== MATERIAL SUPPLIED

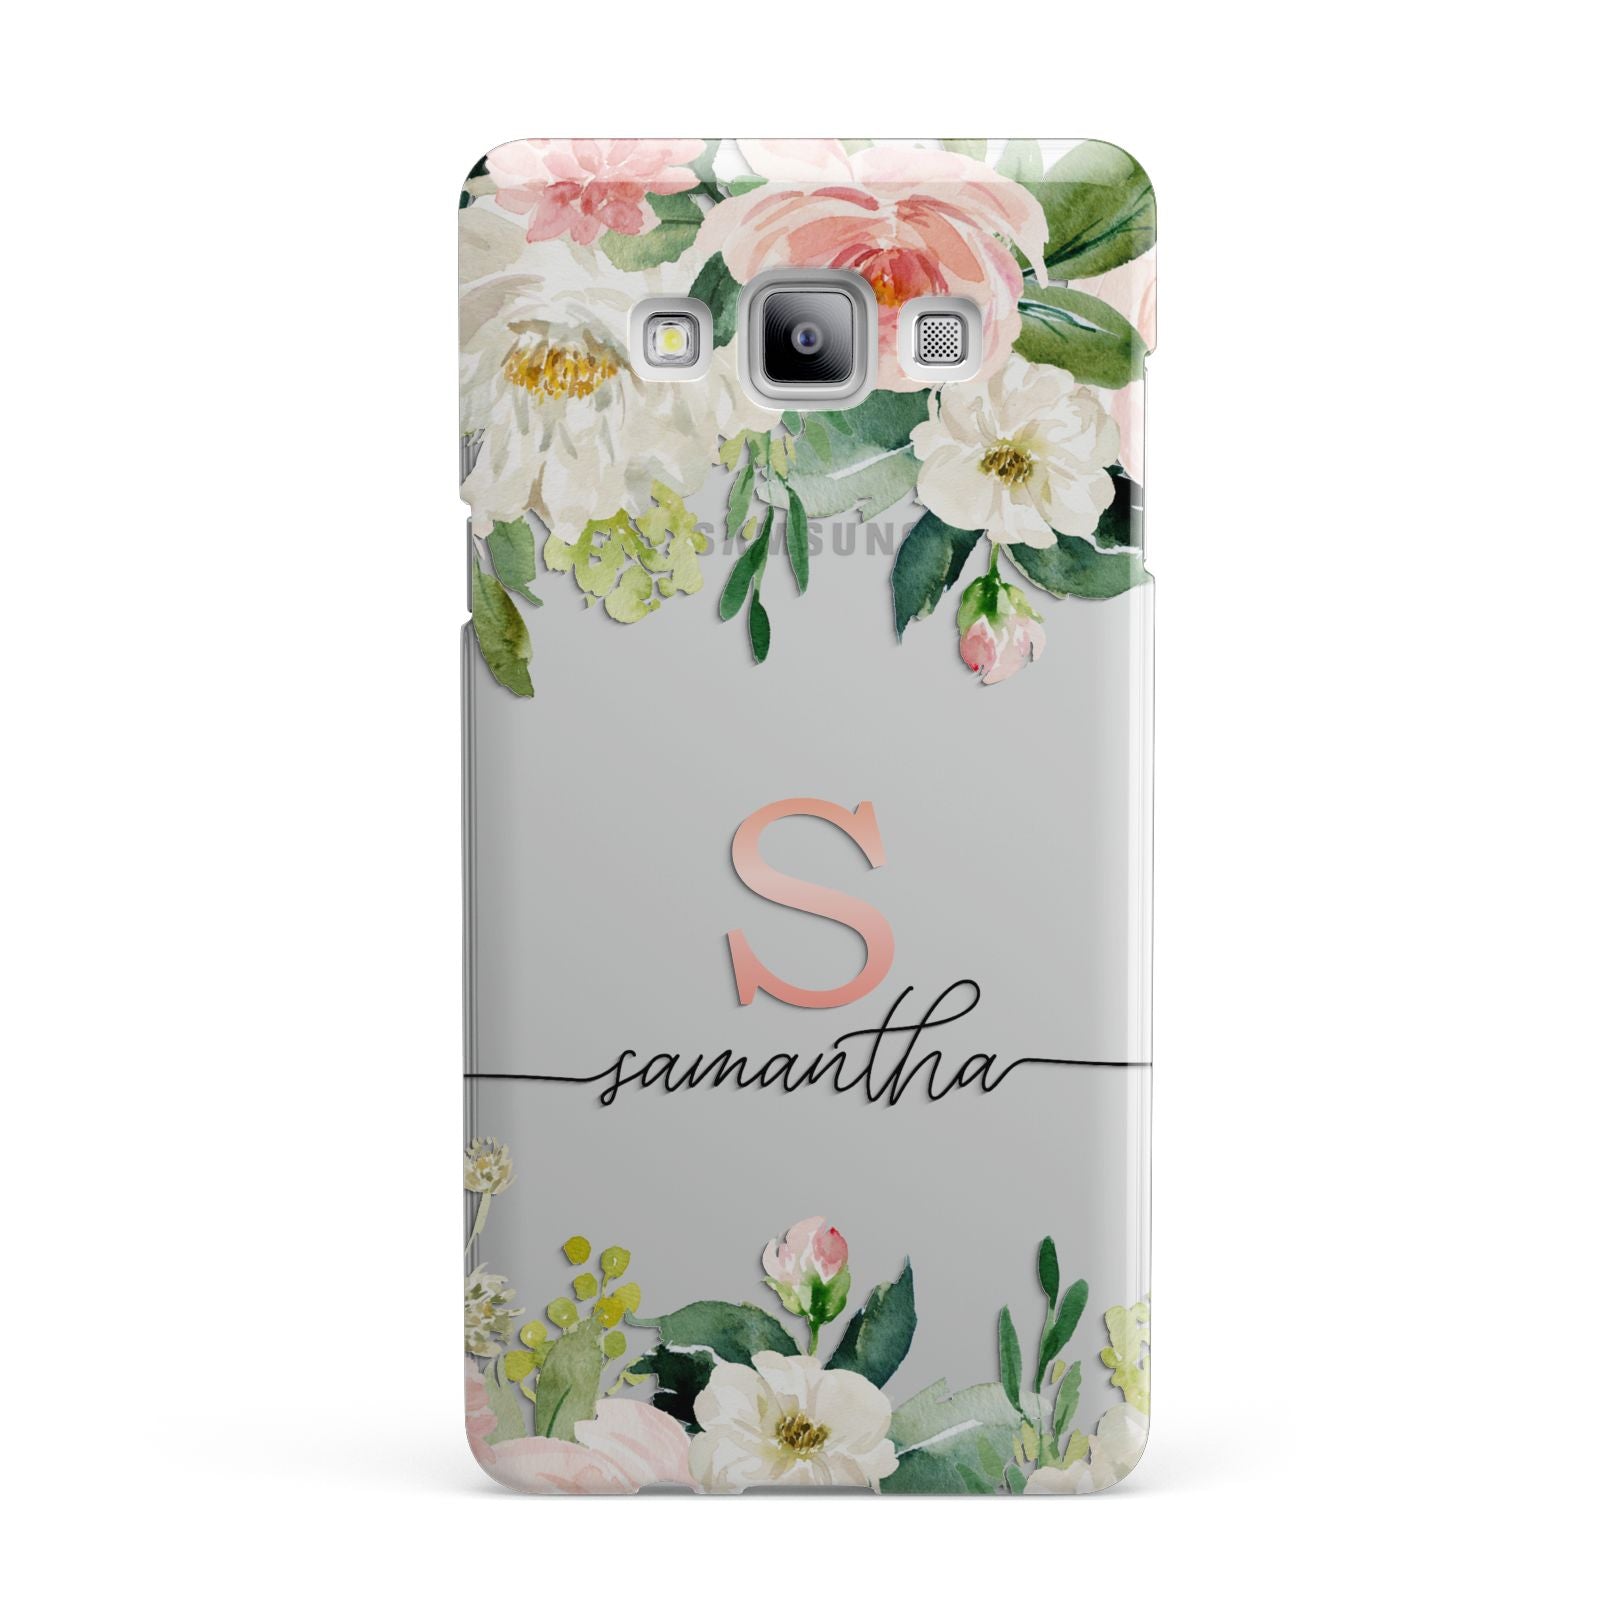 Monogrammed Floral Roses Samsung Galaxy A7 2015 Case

====
== MATERIAL SUPPLIED

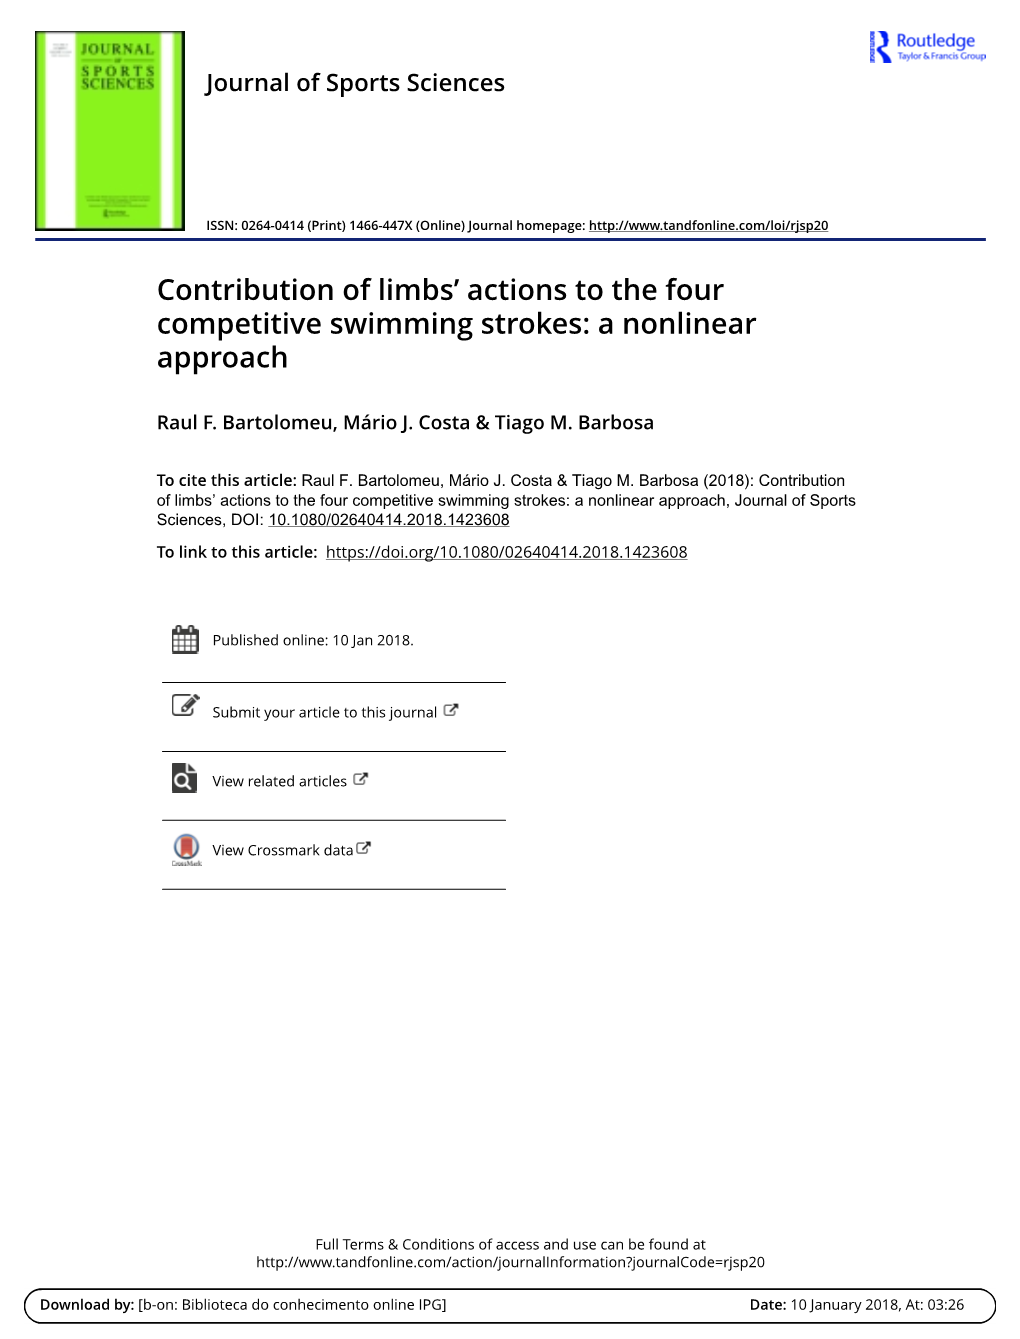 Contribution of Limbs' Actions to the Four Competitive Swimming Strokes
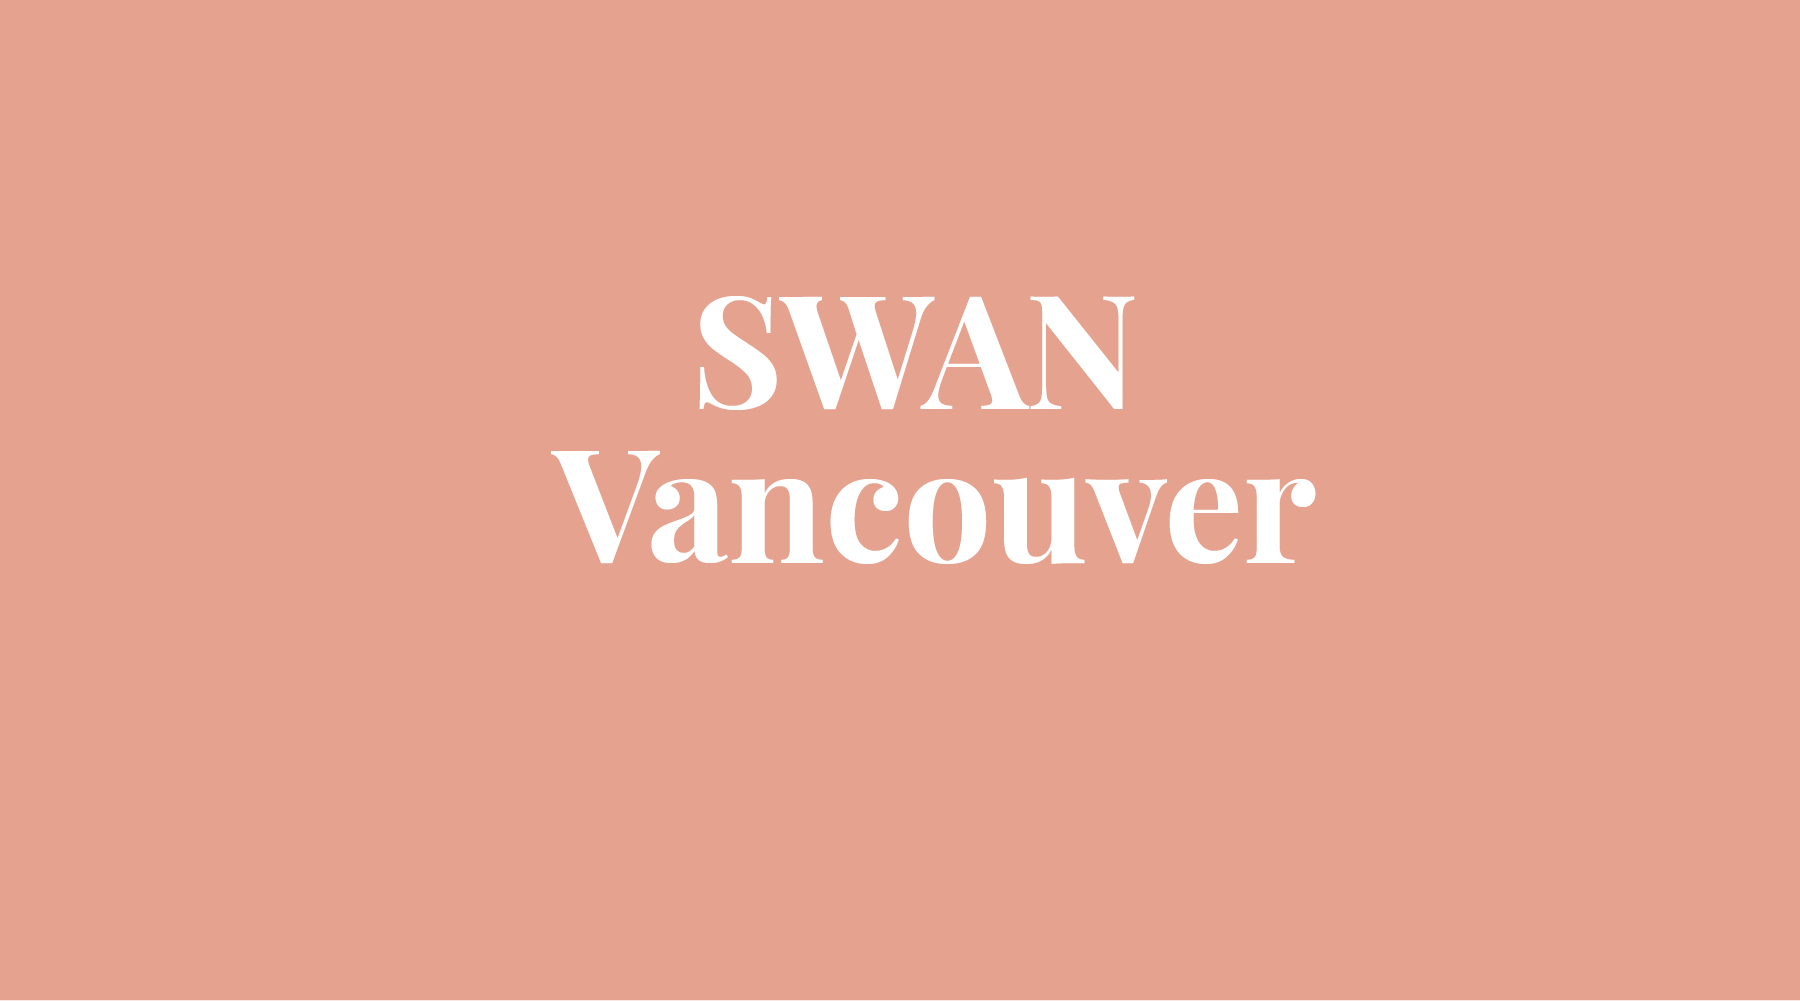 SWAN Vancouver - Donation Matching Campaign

====
== MATERIAL SUPPLIED

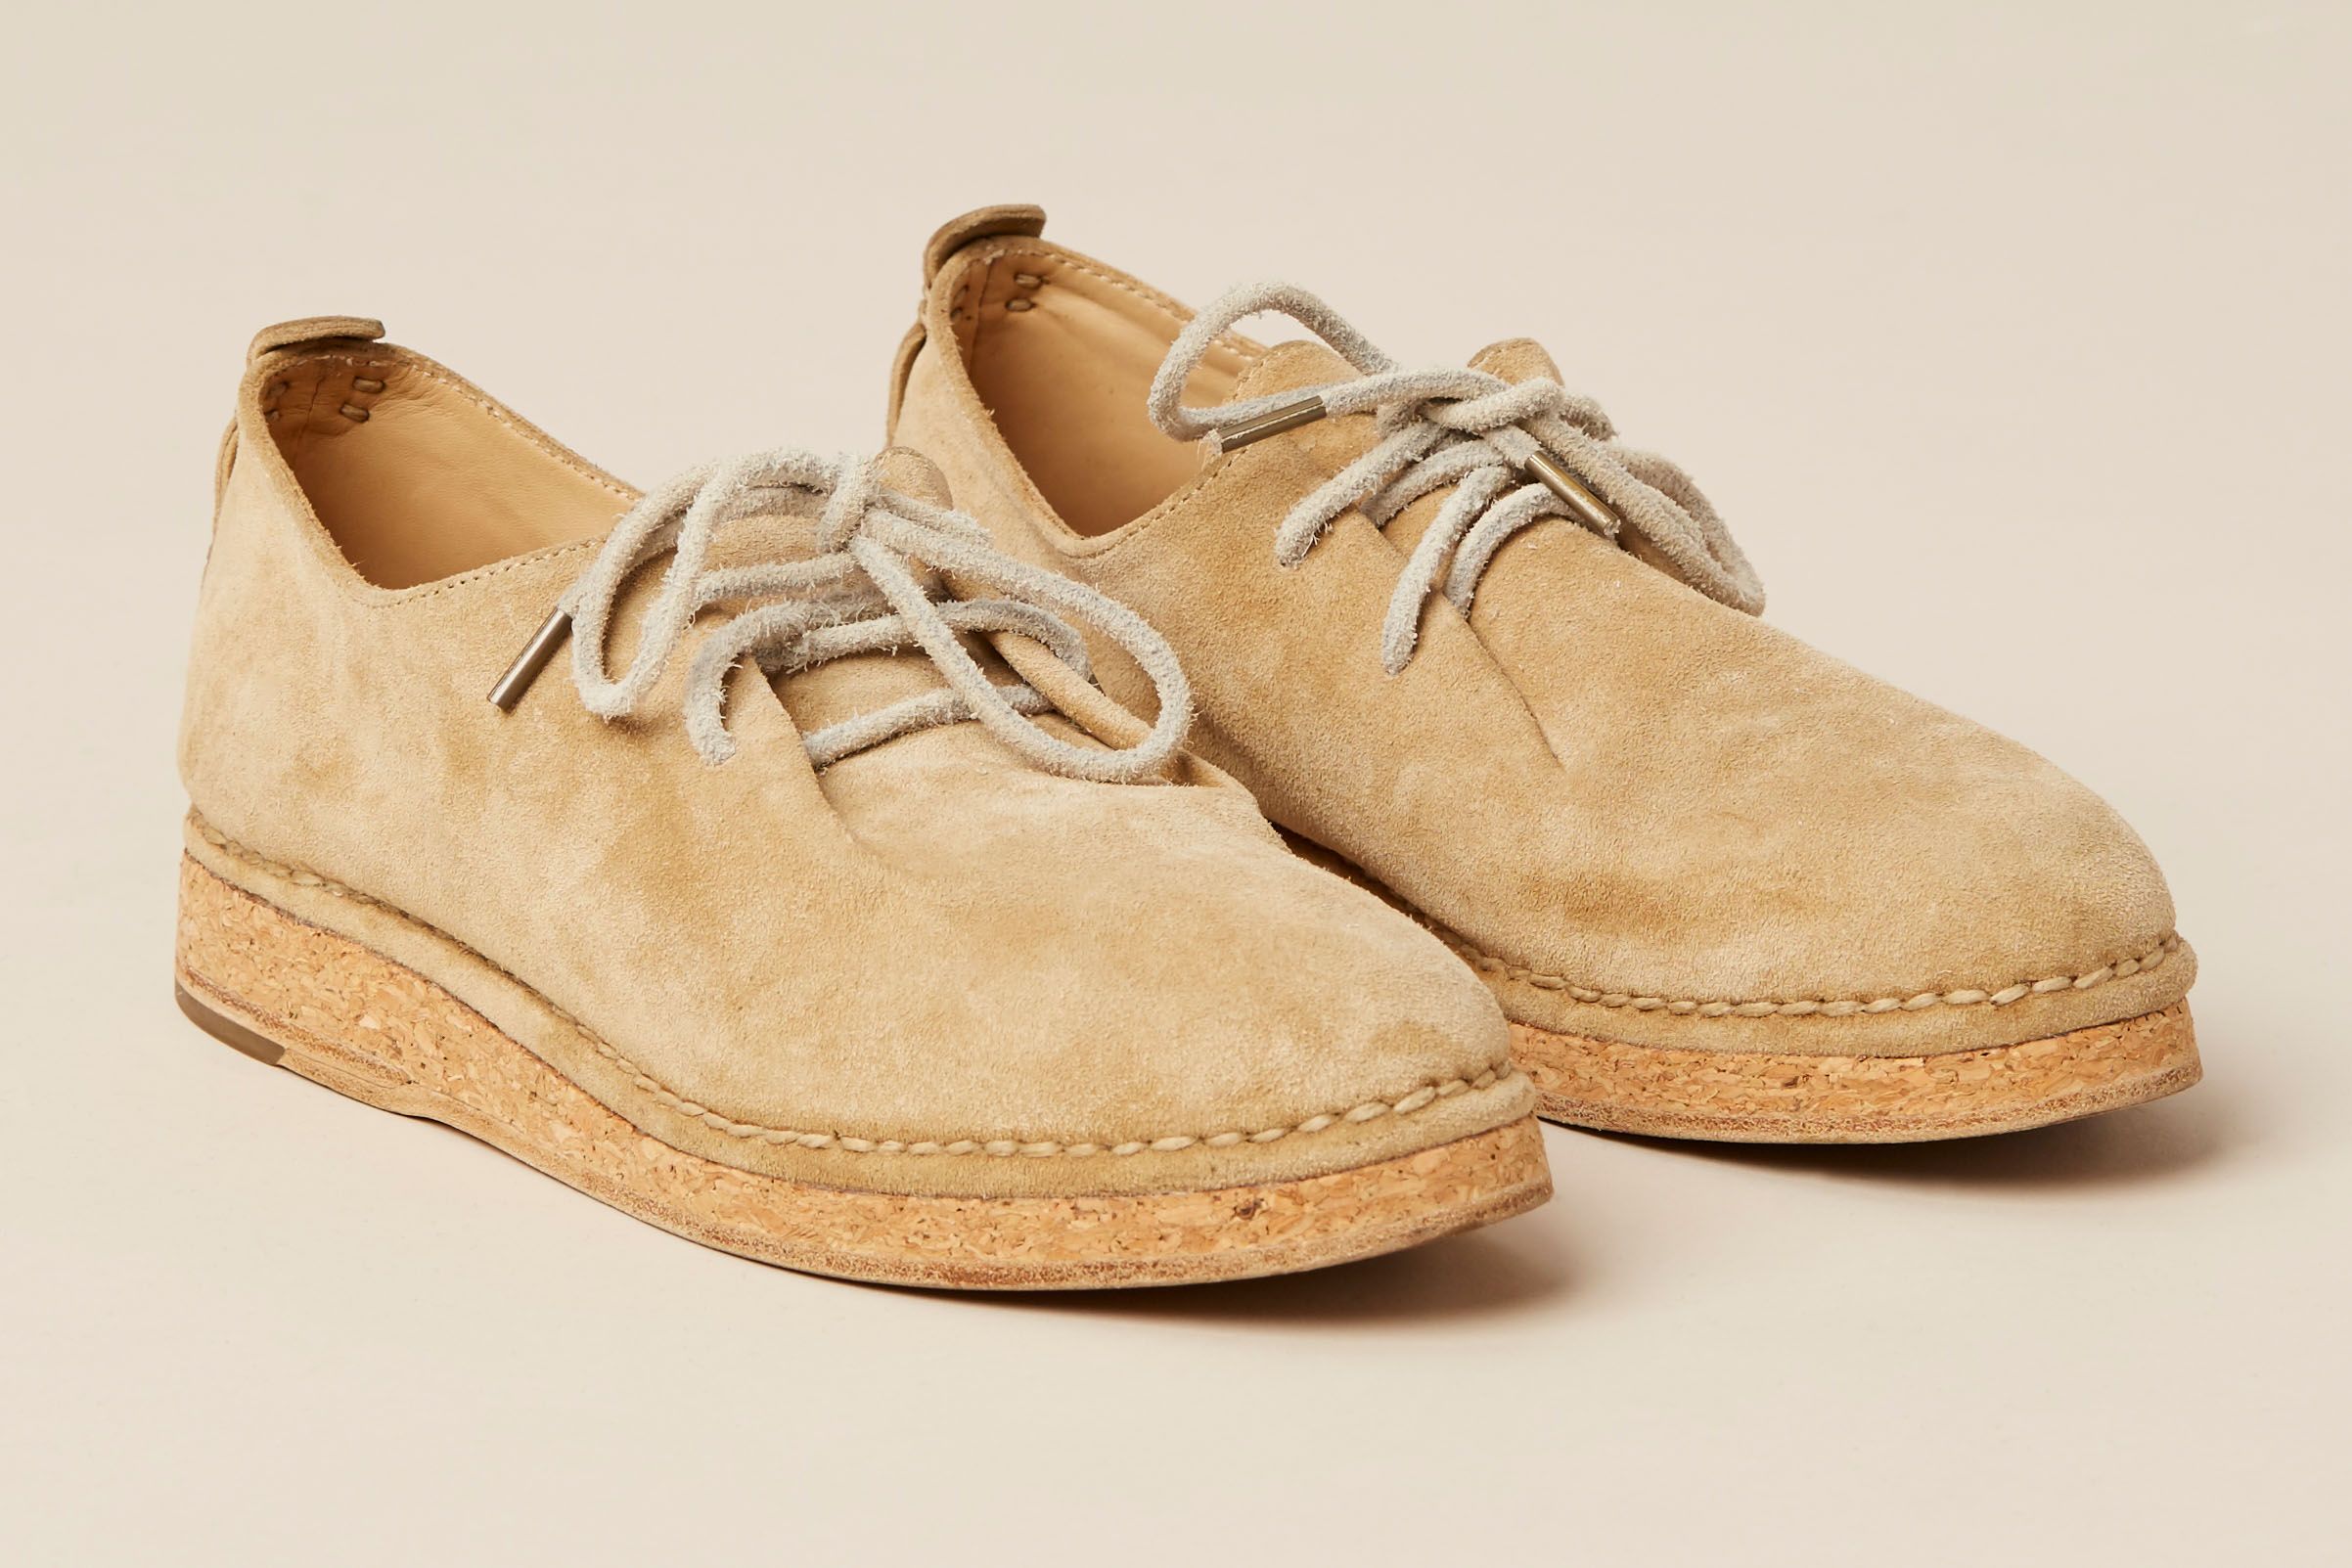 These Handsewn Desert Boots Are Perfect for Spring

====

Everything above from the line that has "Contribution of Limbs'" down to the line that has "SWAN Vancouver - Donation Matching Campaign" should be output exactly, with both of those lines included. Leave the pictures behind.

**WRITTEN ANSWER:**
 Contribution of Limbs' Actions to the Four Competitive Swimming Strokes
 SWAN Vancouver - Donation Matching Campaign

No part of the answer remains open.